Normally, the workers scrounge up whatever wood they can, but the owners of a Newbold
business are making things easier by donating their scrap wood as just another extension
of their green philosophy.
For the first time last year, Carmana Designs, a custom cabinetmaking and mill shop
owned by Carmen and Anna Maria Vona, began dropping off scrap wood that was lying around
their shop in the former Abbotts’ Dairies, 17th and McKean streets, to tree
merchants.
“It makes me feel really good that we’re keeping this stuff out of
the landfill. We’re re-purposing it,” Anna Maria said.

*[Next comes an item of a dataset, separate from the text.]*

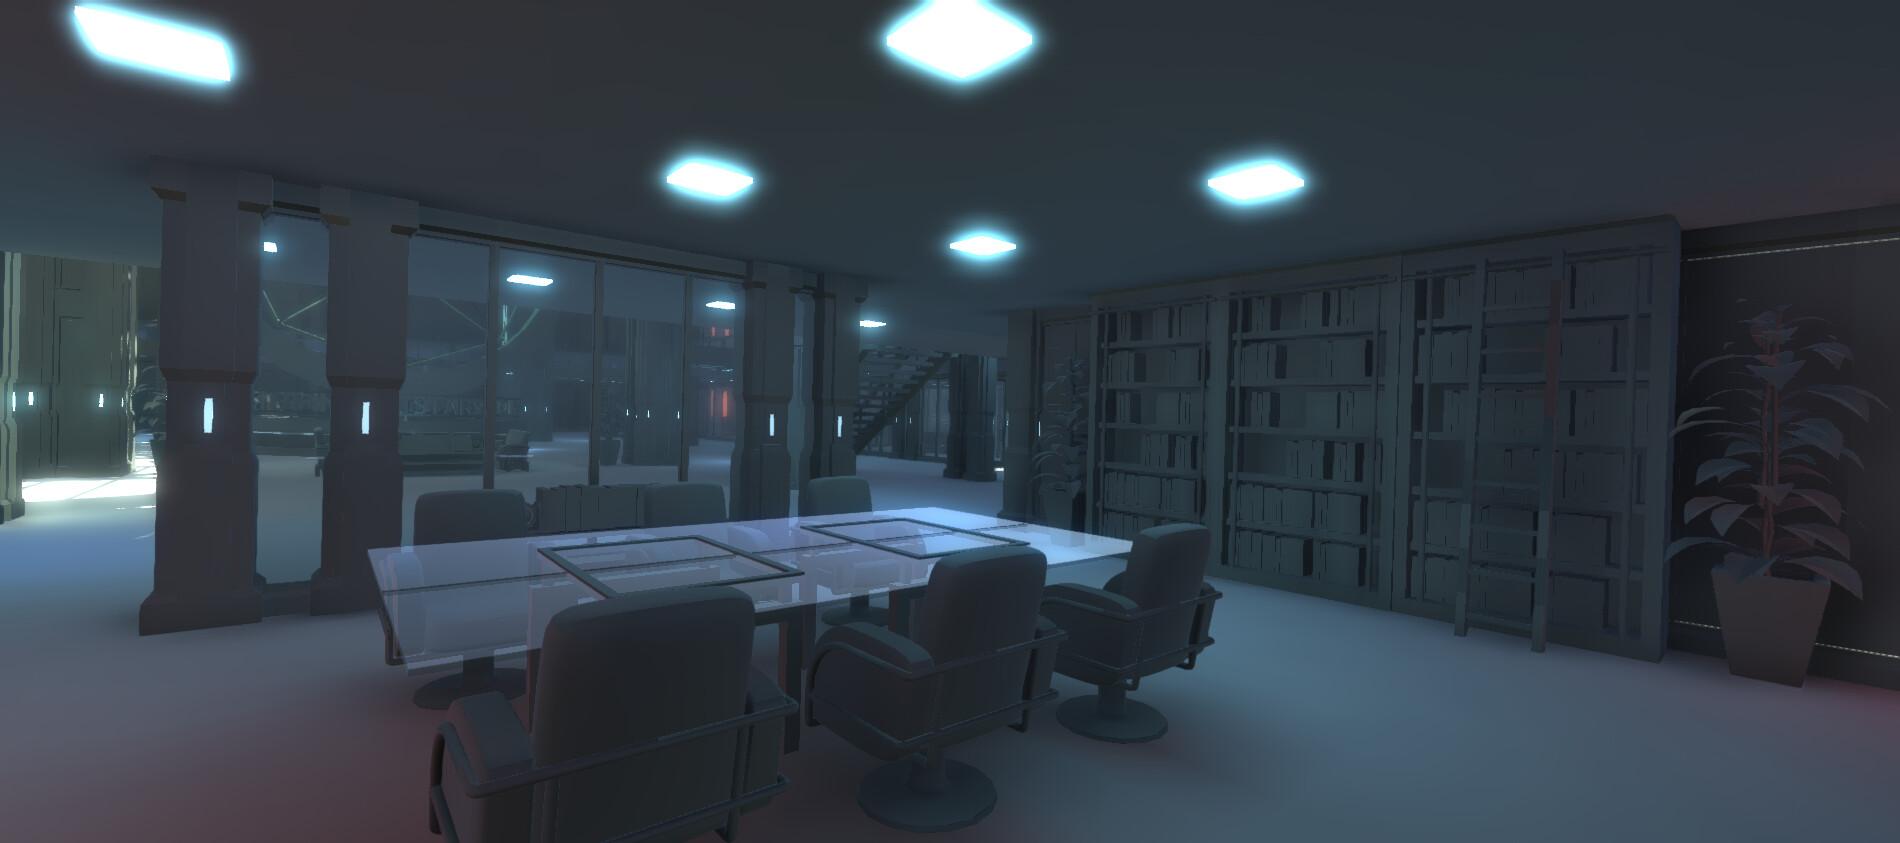 Christopher miller lab layout 07

“We’re giving warmth and cheer. Everybody loves to see those fires
this time of year.”
Last year’s the roughly nine recipients included lots where
merchant Victor Rescigno set up shop at Front Street and Snyder Avenue; Ninth Street and
Oregon Avenue; 24th Street and Passyunk Avenue; and 21st Street and Oregon. Carmen also
made deliveries in his Newbold neighborhood, like to the tree lot at 10th and McKean
streets and Broad and McKean.
Earlier this week, Carmen and several employees were preparing to do it all again by
loading up his truck and cruising local streets seeking vendors like Rescigno in need of
firewood.
“My husband was kind of like Santa Claus to all those businesses and they
greatly appreciated it,” his wife said of last year’s efforts.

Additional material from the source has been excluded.